「目の前の結果にだけ左右されるのではなく、時には意見をし合ってコミュニケーションをとりながらサッカーを作り上げていく楽しさ。世間が評価するのは10年連続でタイトルを獲得できる監督だとしても、自分の理想とするのは、監督も選手も同じチームの一員として、同じ方向を目指す者として、意見を言い合って話し合える環境を作れる監督が理想」
ジュビロ磐田の黄金時代や日本代表でも主力選手としてプレーし、海外クラブでのプレー経験もある名波さんの言いたい事が全て詰まった“理想の監督像”だと思いますね。
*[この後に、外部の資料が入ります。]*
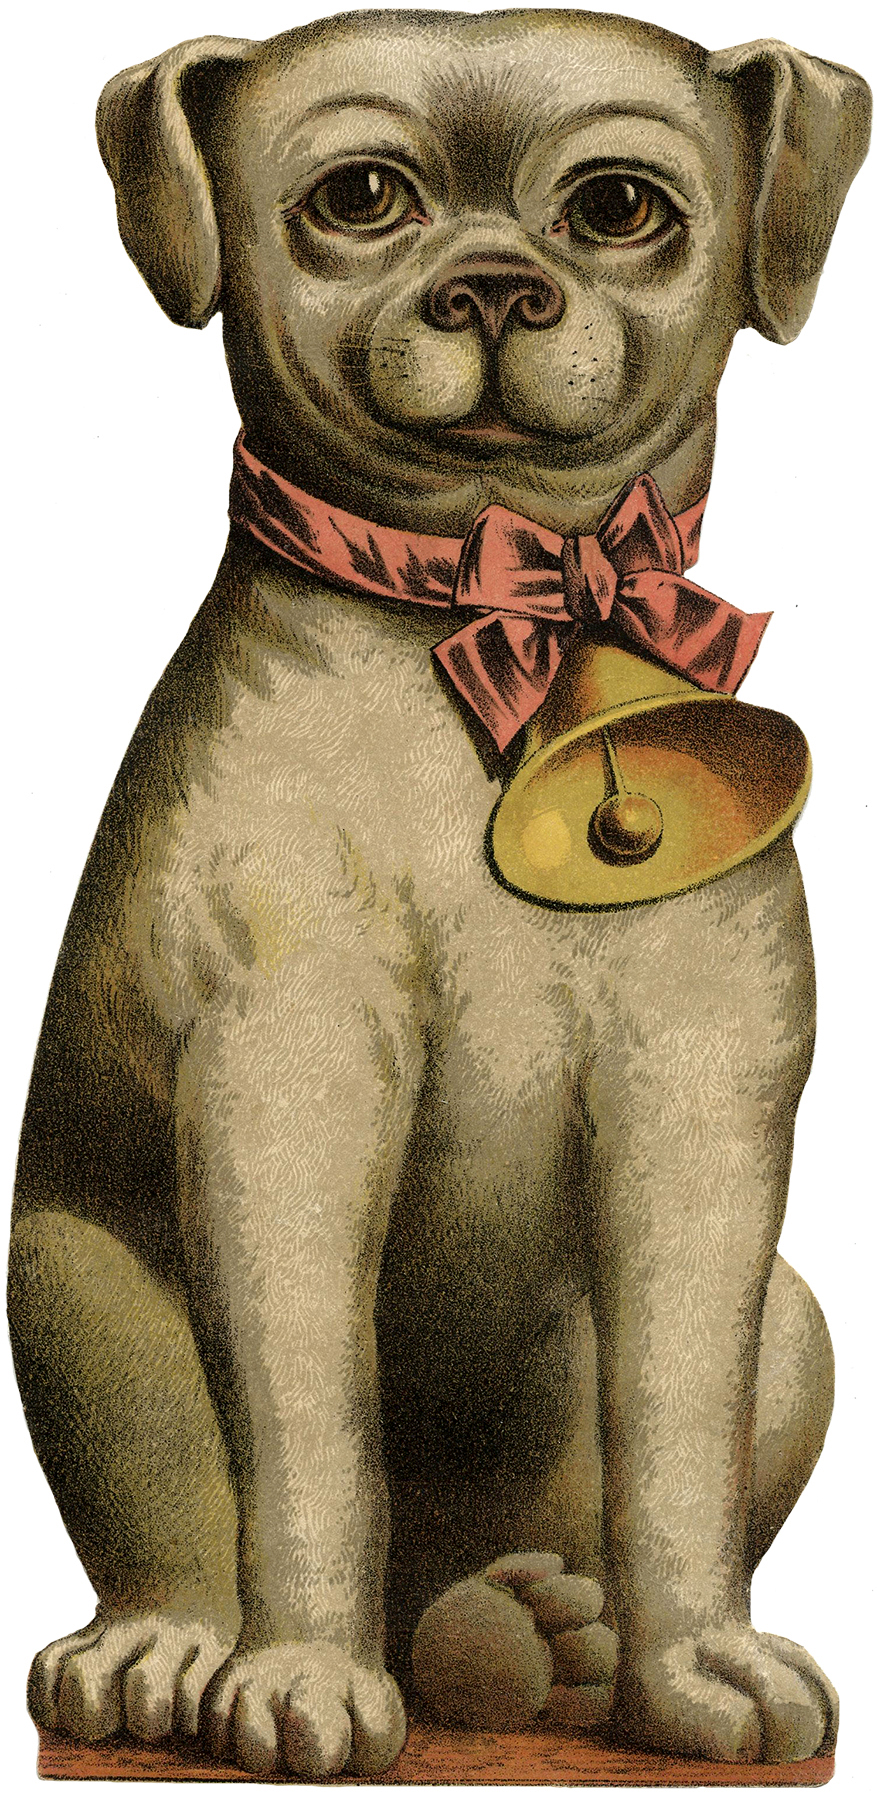 Vintage Quirky Dog Image - Cute! - The Graphics Fairy
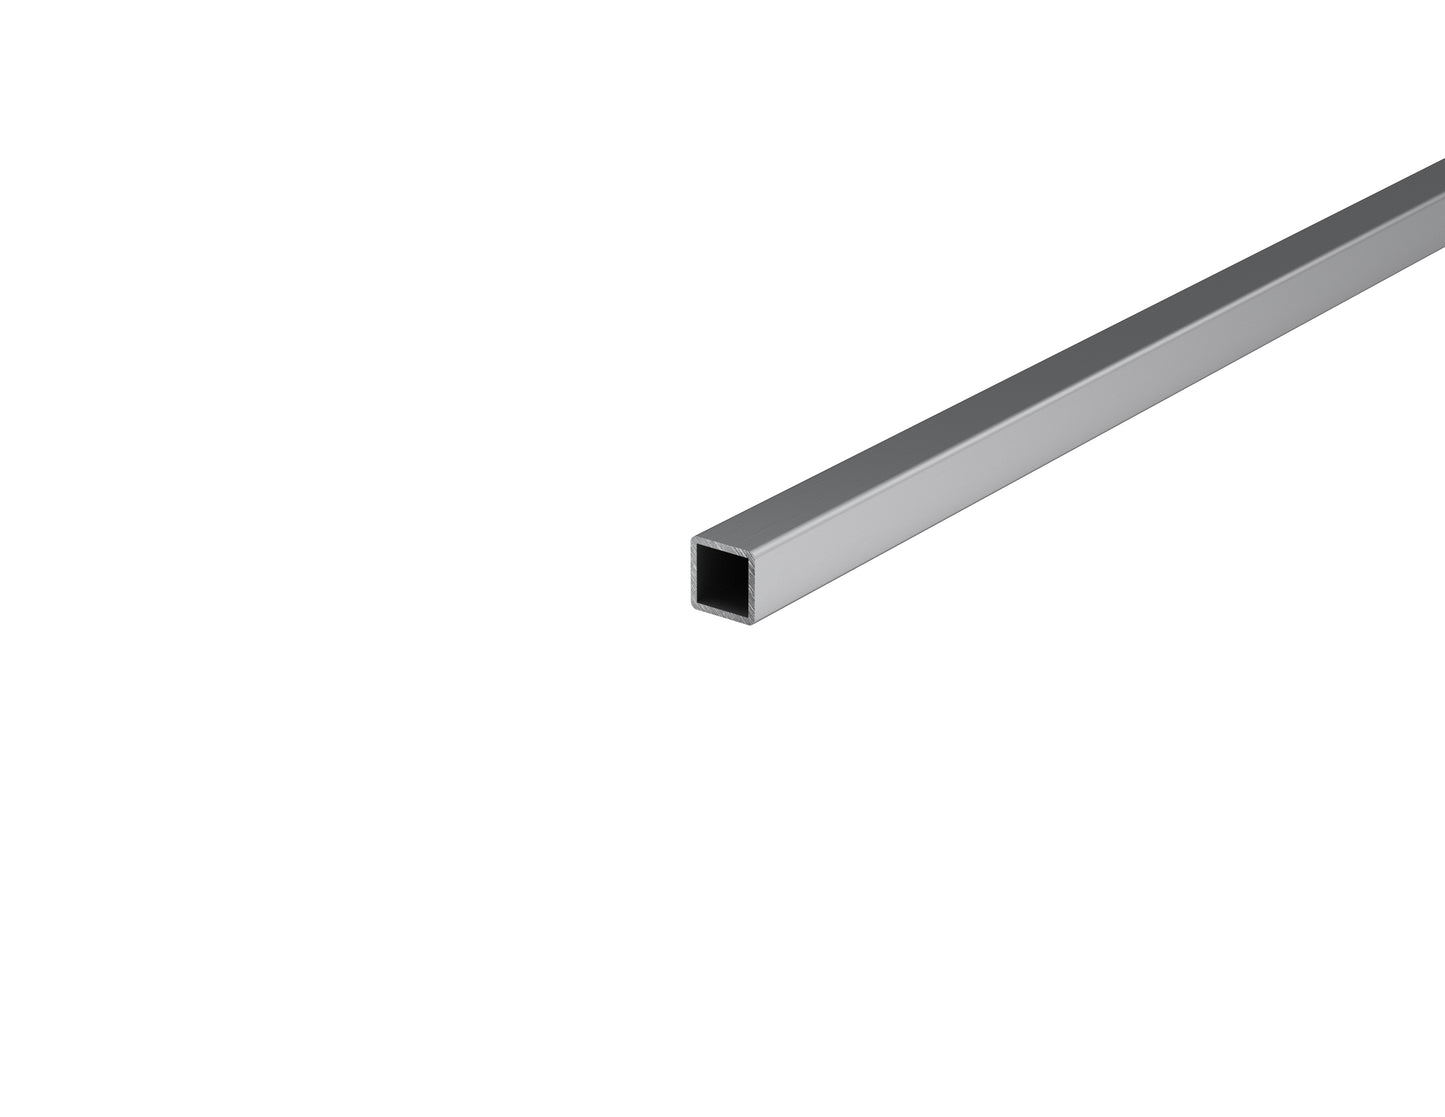 Buy 5/8" Square Aluminum tubing, 0.625" Square aluminum long lengths and sticks or cut to size

黄金時代でも長期政権がない不思議 監督単位ではなく、クラブに根付く伝統のスタイル
名波さんの理想の監督像を解きながらも、その上で少し気になる事があるのが、歴代のジュビロ磐田の監督人事。2000年前後の黄金時代ですら、同じ監督が指揮を執っていたわけではありません。監督が交代しても主力選手の入れ替えはあまりなかったからかもしれませんが、チームのプレースタイルは同じ方向性で継続され、その究極が“N-BOX”となっただけです。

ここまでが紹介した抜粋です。